The TRS R consists of the following rules:

active(zeros) → mark(cons(0, zeros))
active(U11(tt, L)) → mark(s(length(L)))
active(and(tt, X)) → mark(X)
active(isNat(0)) → mark(tt)
active(isNat(length(V1))) → mark(isNatList(V1))
active(isNat(s(V1))) → mark(isNat(V1))
active(isNatIList(V)) → mark(isNatList(V))
active(isNatIList(zeros)) → mark(tt)
active(isNatIList(cons(V1, V2))) → mark(and(isNat(V1), isNatIList(V2)))
active(isNatList(nil)) → mark(tt)
active(isNatList(cons(V1, V2))) → mark(and(isNat(V1), isNatList(V2)))
active(length(nil)) → mark(0)
active(length(cons(N, L))) → mark(U11(and(isNatList(L), isNat(N)), L))
active(cons(X1, X2)) → cons(active(X1), X2)
active(U11(X1, X2)) → U11(active(X1), X2)
active(s(X)) → s(active(X))
active(length(X)) → length(active(X))
active(and(X1, X2)) → and(active(X1), X2)

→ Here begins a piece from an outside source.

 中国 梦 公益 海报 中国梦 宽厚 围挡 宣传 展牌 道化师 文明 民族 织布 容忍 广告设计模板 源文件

cons(mark(X1), X2) → mark(cons(X1, X2))
U11(mark(X1), X2) → mark(U11(X1, X2))
s(mark(X)) → mark(s(X))
length(mark(X)) → mark(length(X))
and(mark(X1), X2) → mark(and(X1, X2))
proper(zeros) → ok(zeros)
proper(cons(X1, X2)) → cons(proper(X1), proper(X2))
proper(0) → ok(0)
proper(U11(X1, X2)) → U11(proper(X1), proper(X2))
proper(tt) → ok(tt)
proper(s(X)) → s(proper(X))
proper(length(X)) → length(proper(X))
proper(and(X1, X2)) → and(proper(X1), proper(X2))

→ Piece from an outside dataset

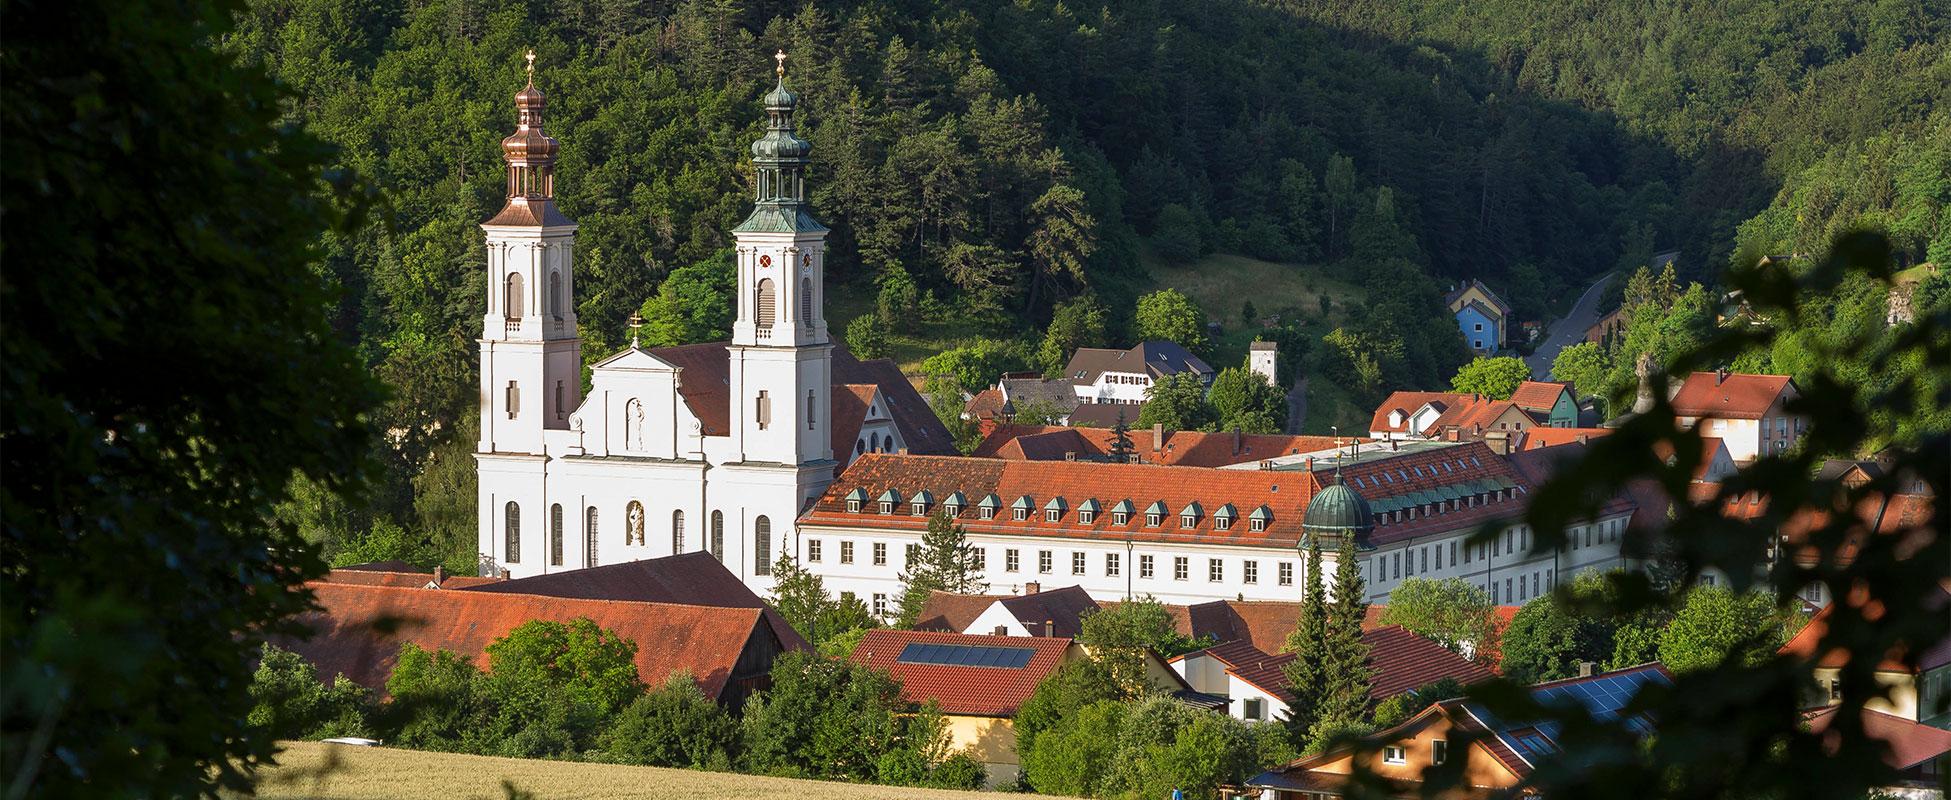 Großes Kloster mit zwei Türmen und viel Wald im Hintergrund

proper(isNat(X)) → isNat(proper(X))
proper(isNatList(X)) → isNatList(proper(X))
proper(isNatIList(X)) → isNatIList(proper(X))
proper(nil) → ok(nil)
cons(ok(X1), ok(X2)) → ok(cons(X1, X2))
U11(ok(X1), ok(X2)) → ok(U11(X1, X2))
s(ok(X)) → ok(s(X))
length(ok(X)) → ok(length(X))
and(ok(X1), ok(X2)) → ok(and(X1, X2))
isNat(ok(X)) → ok(isNat(X))
isNatList(ok(X)) → ok(isNatList(X))
isNatIList(ok(X)) → ok(isNatIList(X))
top(mark(X)) → top(proper(X))
top(ok(X)) → top(active(X))

Q is empty.
We have to consider all minimal (P,Q,R)-chains.